Could this be due to gc (incorrectly) collecting the Buffer object as it is not referenced by anyone in the JS space?

@gireeshpunathil
Copy link
Author

chatting with @mhdawson , it was revealed that an entry for the backing store was found in the global backing store registery, where it was not expecting one, is how the crash is materializing.

I am not good in interpreting the trace log of --trace-backing-store, but looking at the last entry

BS:reg bs=0x55b41104b420 mem=0x55b411217430 (length=10, capacity=10)

and searching backwards, I found a matching registration for a huge chunk:

BS:reg bs=0x55b411217450 mem=0x55b411217430 (length=1073741823, capacity=1073741823)
the backing stores are different, with capacities 1GB and 10 bytes, but they share backing_store->buffer_start() (starting address of the chunk?) there is no evidence of the large chunk being freed up yet.

@mhdawson
Copy link
Contributor

mhdawson commented Feb 11, 2021

After incrementally adding a bunch of instrumentation it looked be related to WritePointer being called as that seemed to be what was always on the stack when the crash occurred. (EDIT I see Gireesh pointed that out above, but I'd started down the instrumentation path before then).

In writePointer

exports.writePointer = function writePointer (buf, offset, ptr) {
  debug('writing pointer to buffer', buf, offset, ptr);
  exports._writePointer(buf, offset, ptr);
  exports._attach(buf, ptr);
};

_attach tries to avoid the buffer to which the pointer refers being freed before the buffer to which the pointer was written. However I seem to remember @addaleax mentioning that it was difficult to ensure that the cleanup for the buffer to which the pointer was written was complete before the reference buffer was freed. Currently it only ensures that both buffers become eligible to be collected and their finalizes run at the same time but does not ensure which order that will happen.

This patch will ensure that the buffer to which the pointer refers will only become eligible to be collected AFTER the finalizers for the buffer to which the pointer was written have been run.

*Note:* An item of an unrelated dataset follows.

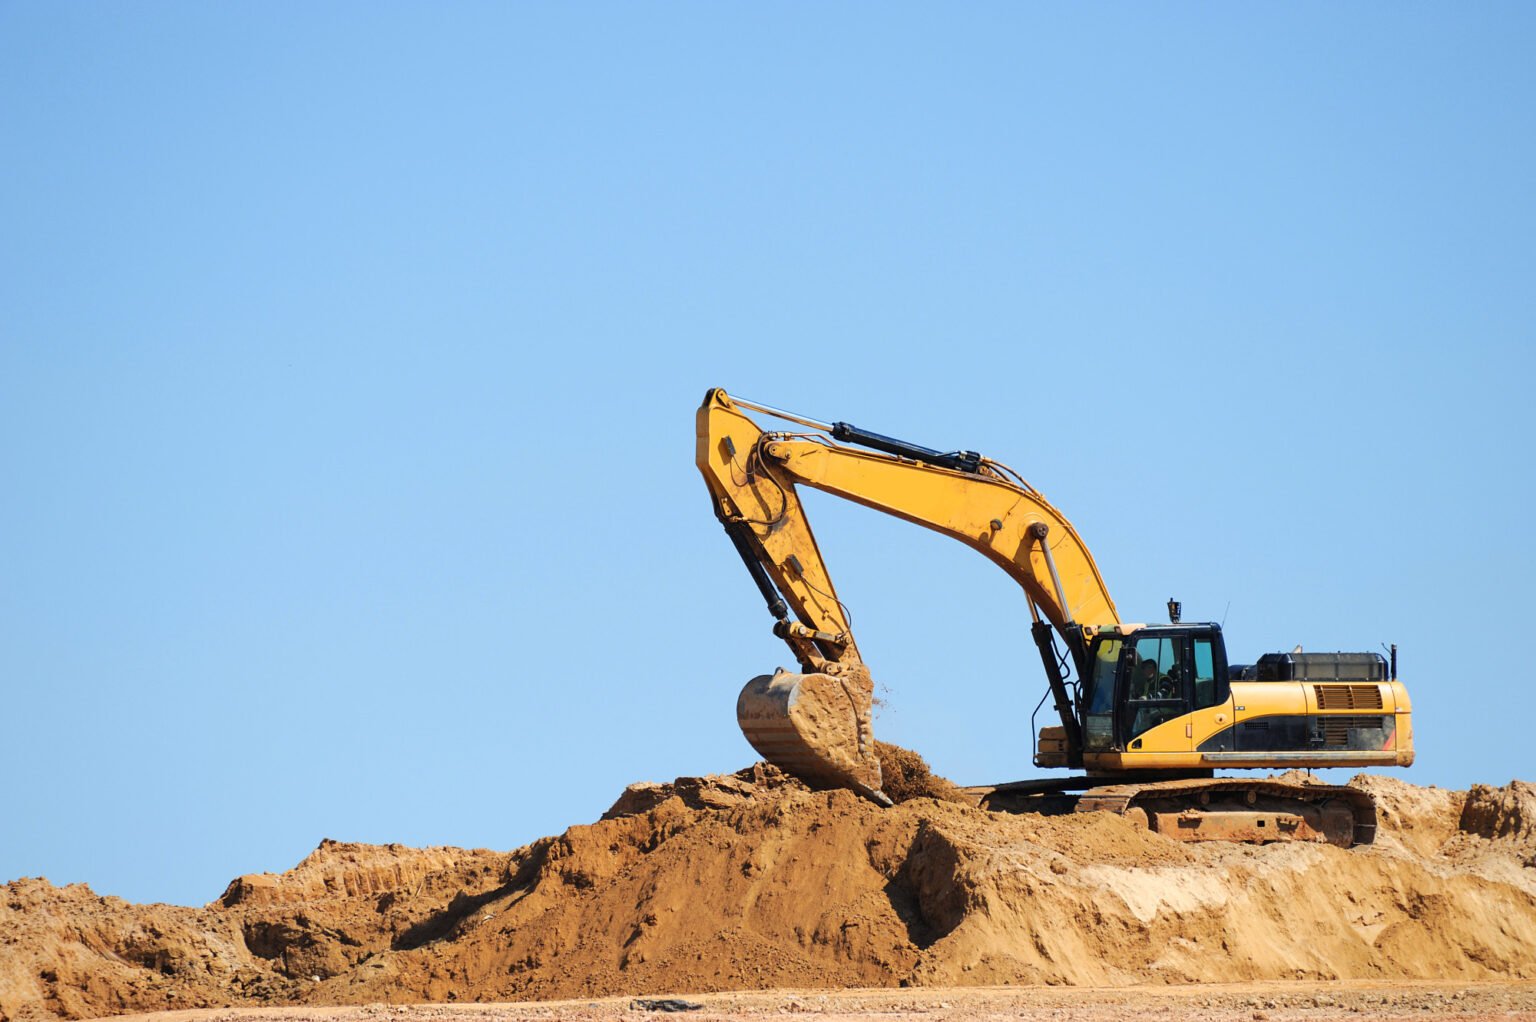 Options for Disposing Construction Equipment and Heavy-Duty Vehicles

It seems to avoid the crash:

diff --git a/src/binding.cc b/src/binding.cc
index d1fefbd..2cbc5f7 100644
--- a/src/binding.cc
+++ b/src/binding.cc
@@ -355,6 +355,17 @@ void WritePointer(const CallbackInfo& args) {
   if (input.IsNull()) {
     *reinterpret_cast<char**>(ptr) = nullptr;
   } else {
+    // create a napi reference and finalizer to ensure that
+    // the buffer whoes pointer is written can only be
+    // collected after the finalizers for the buffer
+    // to which the pointer was written have already run
+    napi_ref* _ref = new napi_ref;
+    napi_create_reference(env, args[2], 1, _ref);
+    args[0].As<Object>().AddFinalizer([](Env env, napi_ref* ref) {
+      napi_delete_reference(env, *ref);
+      delete ref;
+    }, _ref);
+         
     char* input_ptr = GetBufferData(input);
     *reinterpret_cast<char**>(ptr) = input_ptr;
   }

There are other places that use _attach so this might not be the full fix, but I thought I'd post share what I've figured out so far.

@mhdawson
Copy link
Contributor

Ok the same thing but using node-addon-api versus dropping down into node-api c calls:

diff --git a/src/binding.cc b/src/binding.cc
index d1fefbd..7d8906e 100644
--- a/src/binding.cc
+++ b/src/binding.cc
@@ -355,6 +355,16 @@ void WritePointer(const CallbackInfo& args) {
   if (input.IsNull()) {
     *reinterpret_cast<char**>(ptr) = nullptr;
   } else {
+    // create a node-api reference and finalizer to ensure that
+    // the buffer whoes pointer is written can only be
+    // collected after the finalizers for the buffer
+    // to which the pointer was written have already run
+    Reference<Value>* ref = new Reference<Value>;
+    *ref = Persistent(args[2]);
+    args[0].As<Object>().AddFinalizer([](Env env, Reference<Value>* ref) {
+      delete ref;
+    }, ref);
+
     char* input_ptr = GetBufferData(input);
     *reinterpret_cast<char**>(ptr) = input_ptr;
   }

I'm going to open a PR and discussion on whether it is the right fix can continue there.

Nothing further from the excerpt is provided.